## Activity
Take the line with "Adolescente con parte" and every line after it, through the end of the listing, and give them again exactly, pictures excluded.

## Data block
# # # # # # #
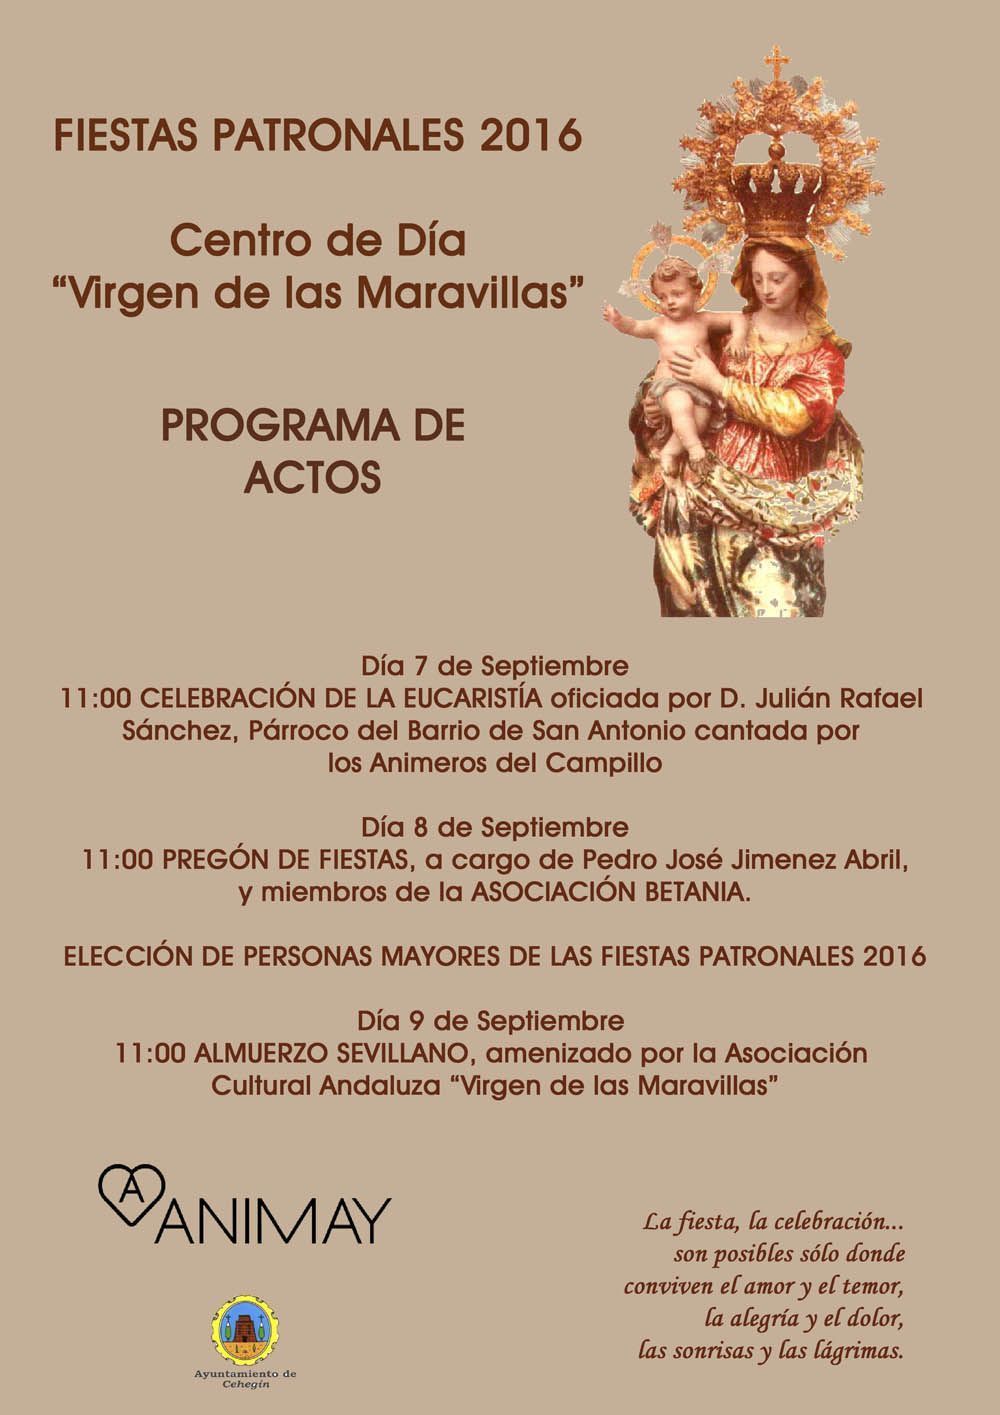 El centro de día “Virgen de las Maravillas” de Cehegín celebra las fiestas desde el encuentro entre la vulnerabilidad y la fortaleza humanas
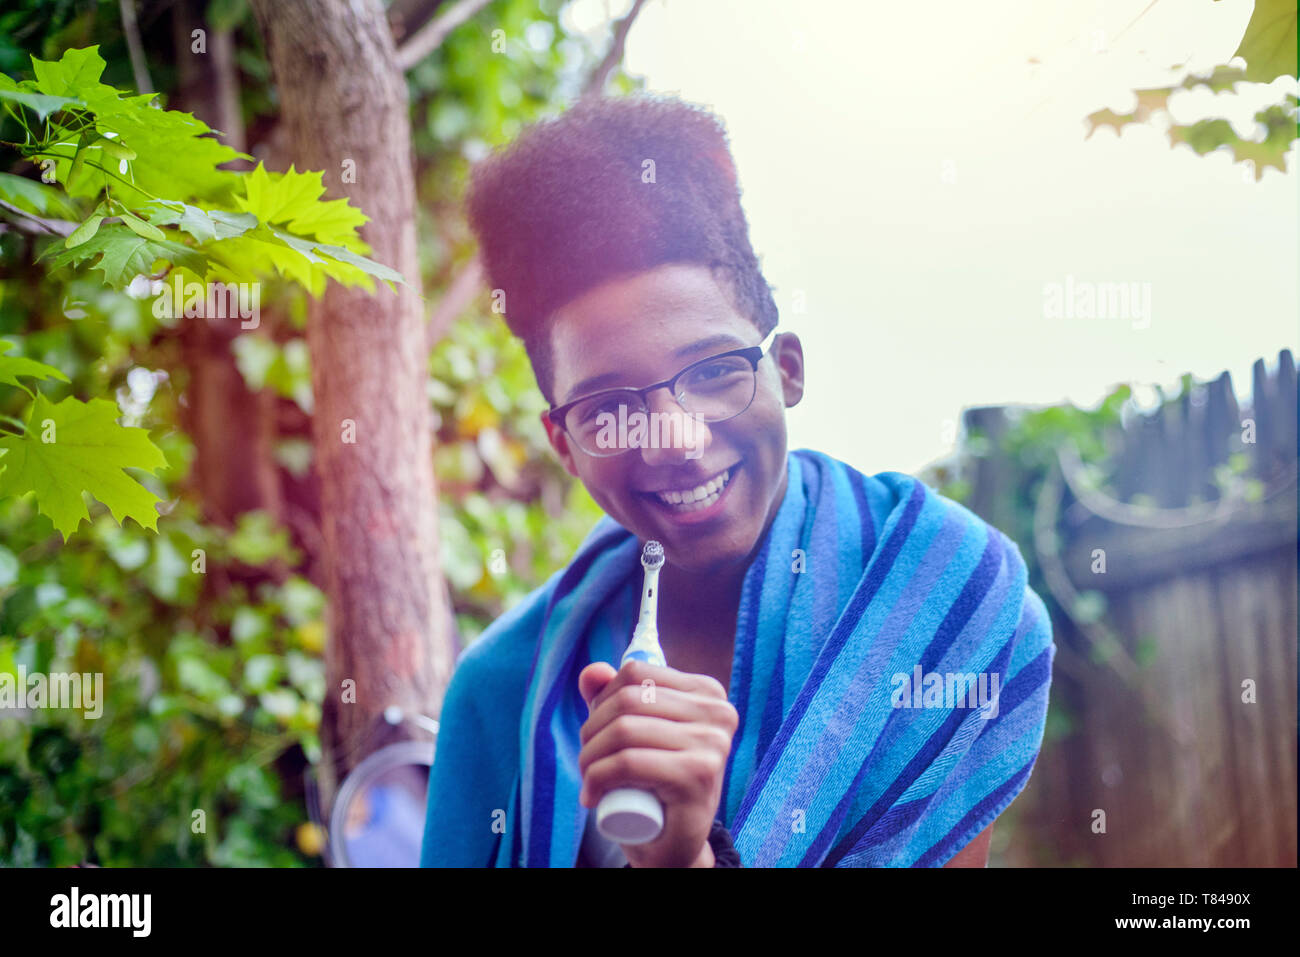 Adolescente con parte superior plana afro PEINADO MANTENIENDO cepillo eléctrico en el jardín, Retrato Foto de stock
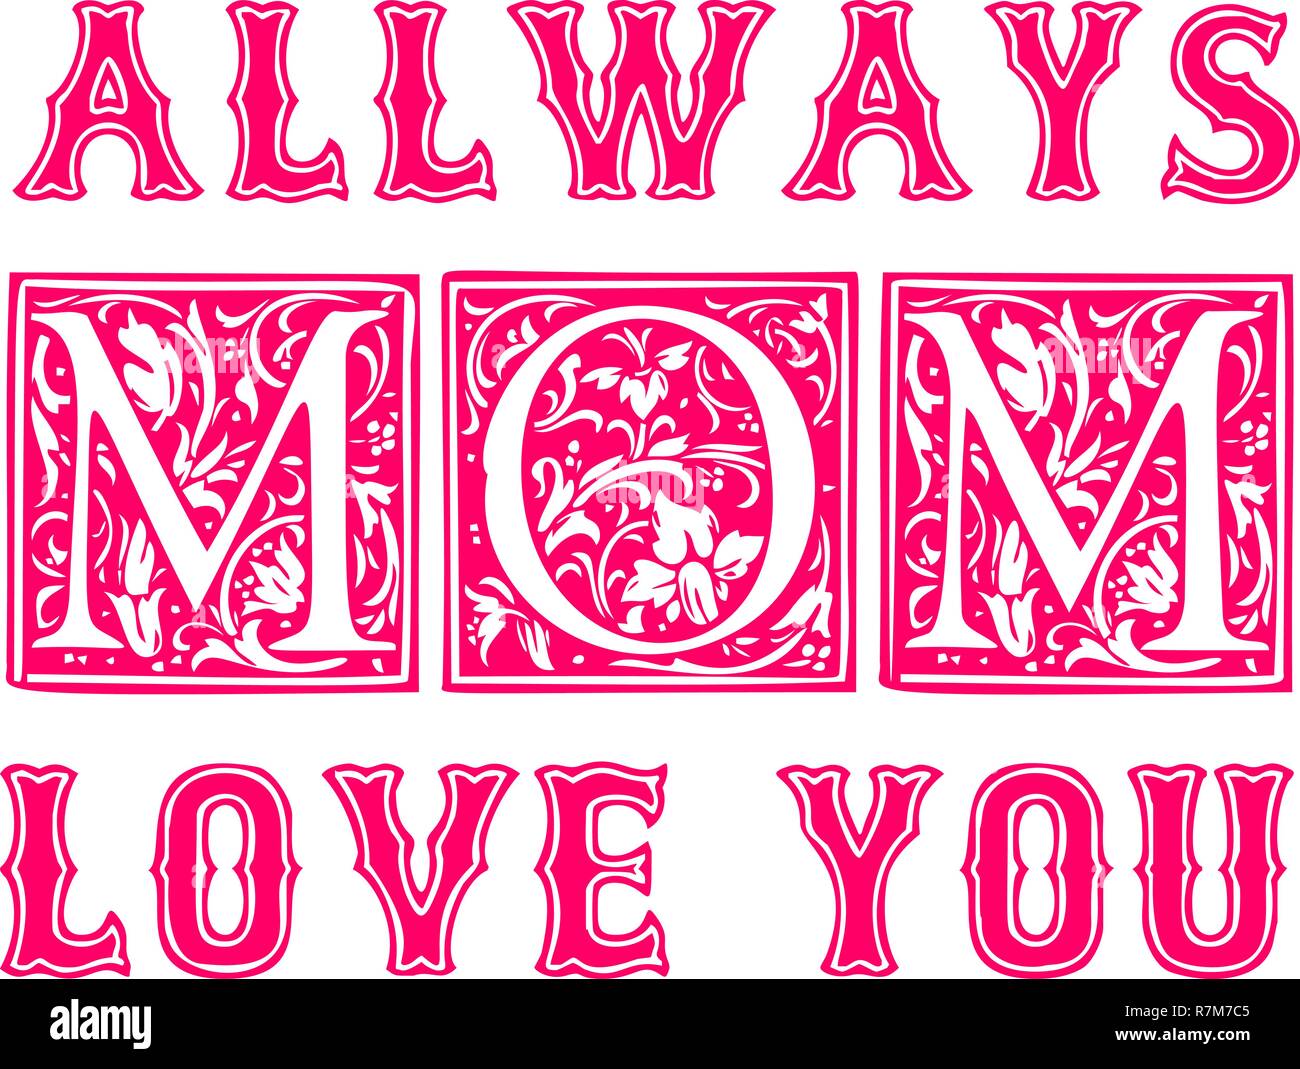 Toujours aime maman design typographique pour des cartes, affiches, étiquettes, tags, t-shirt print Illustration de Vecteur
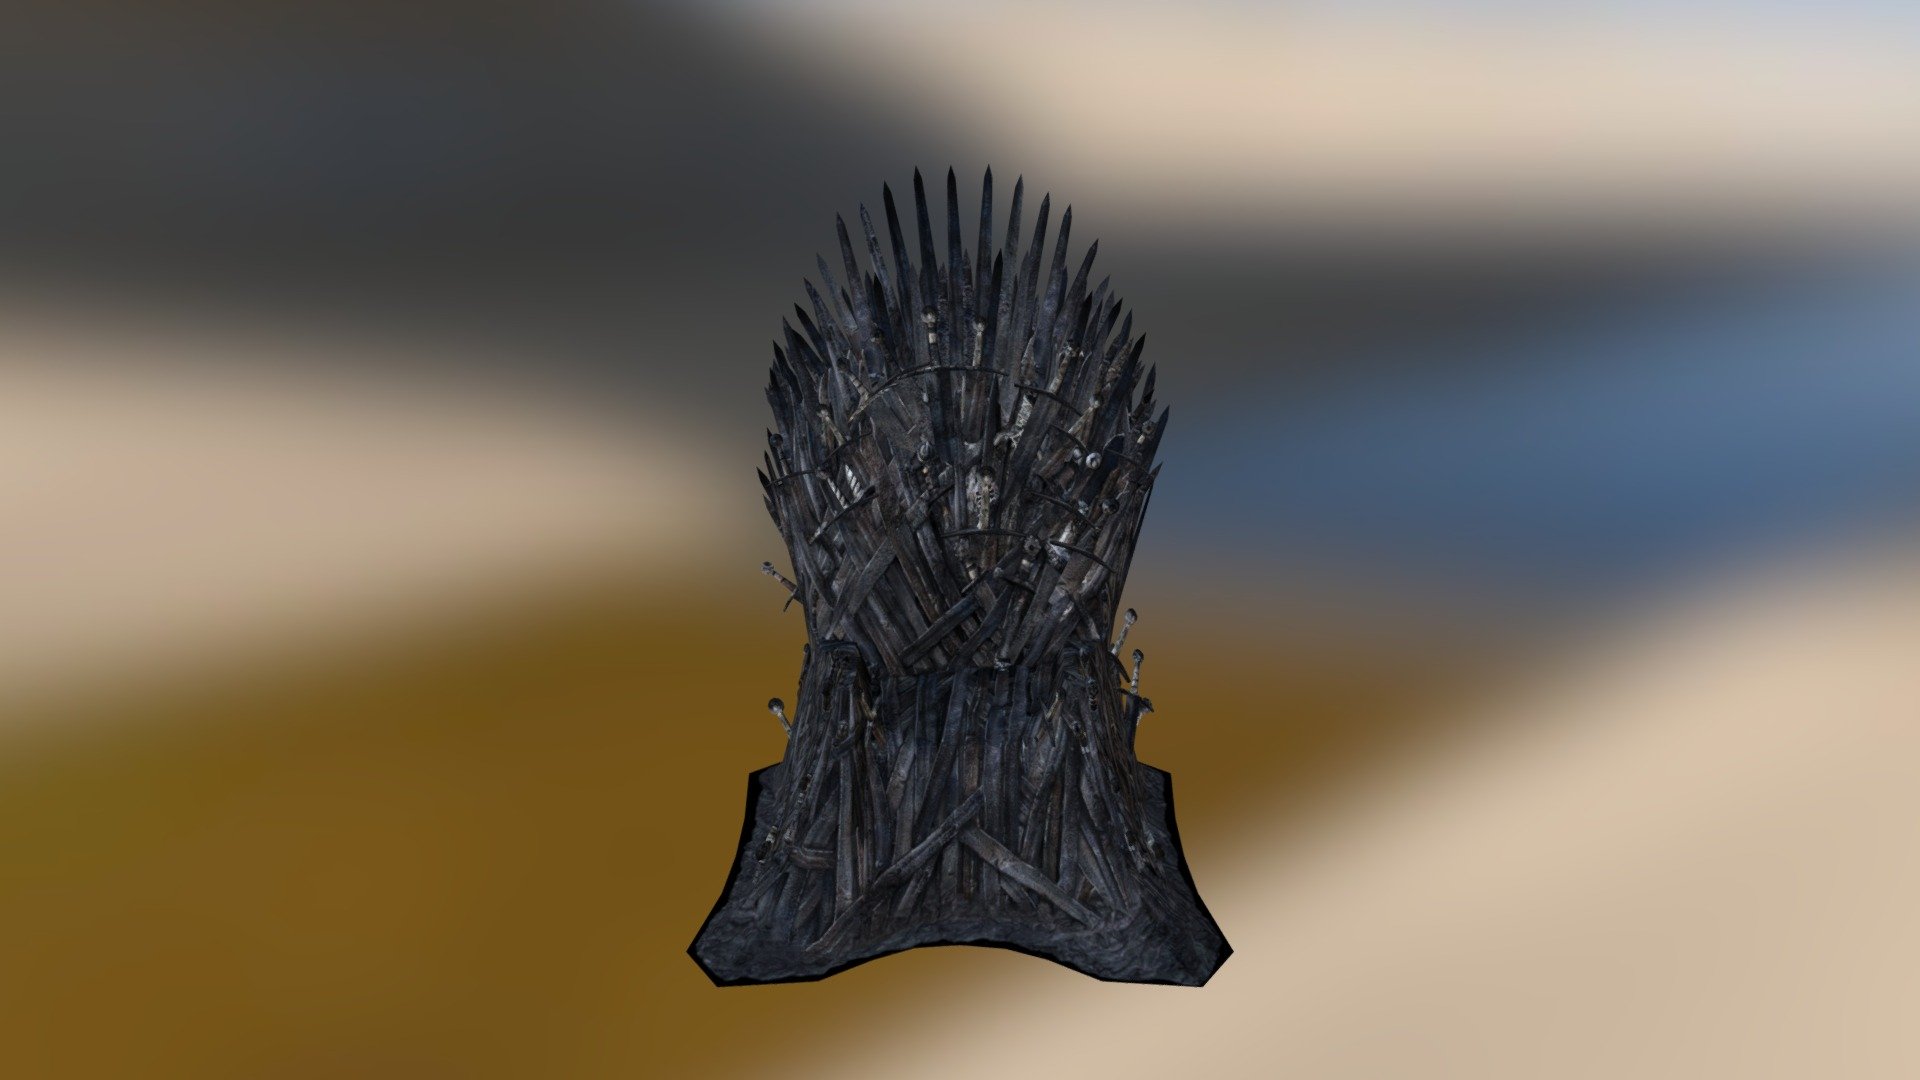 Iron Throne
# # # # # # #
## Response area
 Adolescente con parte superior plana afro PEINADO MANTENIENDO cepillo eléctrico en el jardín, Retrato Foto de stock
 Toujours aime maman design typographique pour des cartes, affiches, étiquettes, tags, t-shirt print Illustration de Vecteur
 Iron Throne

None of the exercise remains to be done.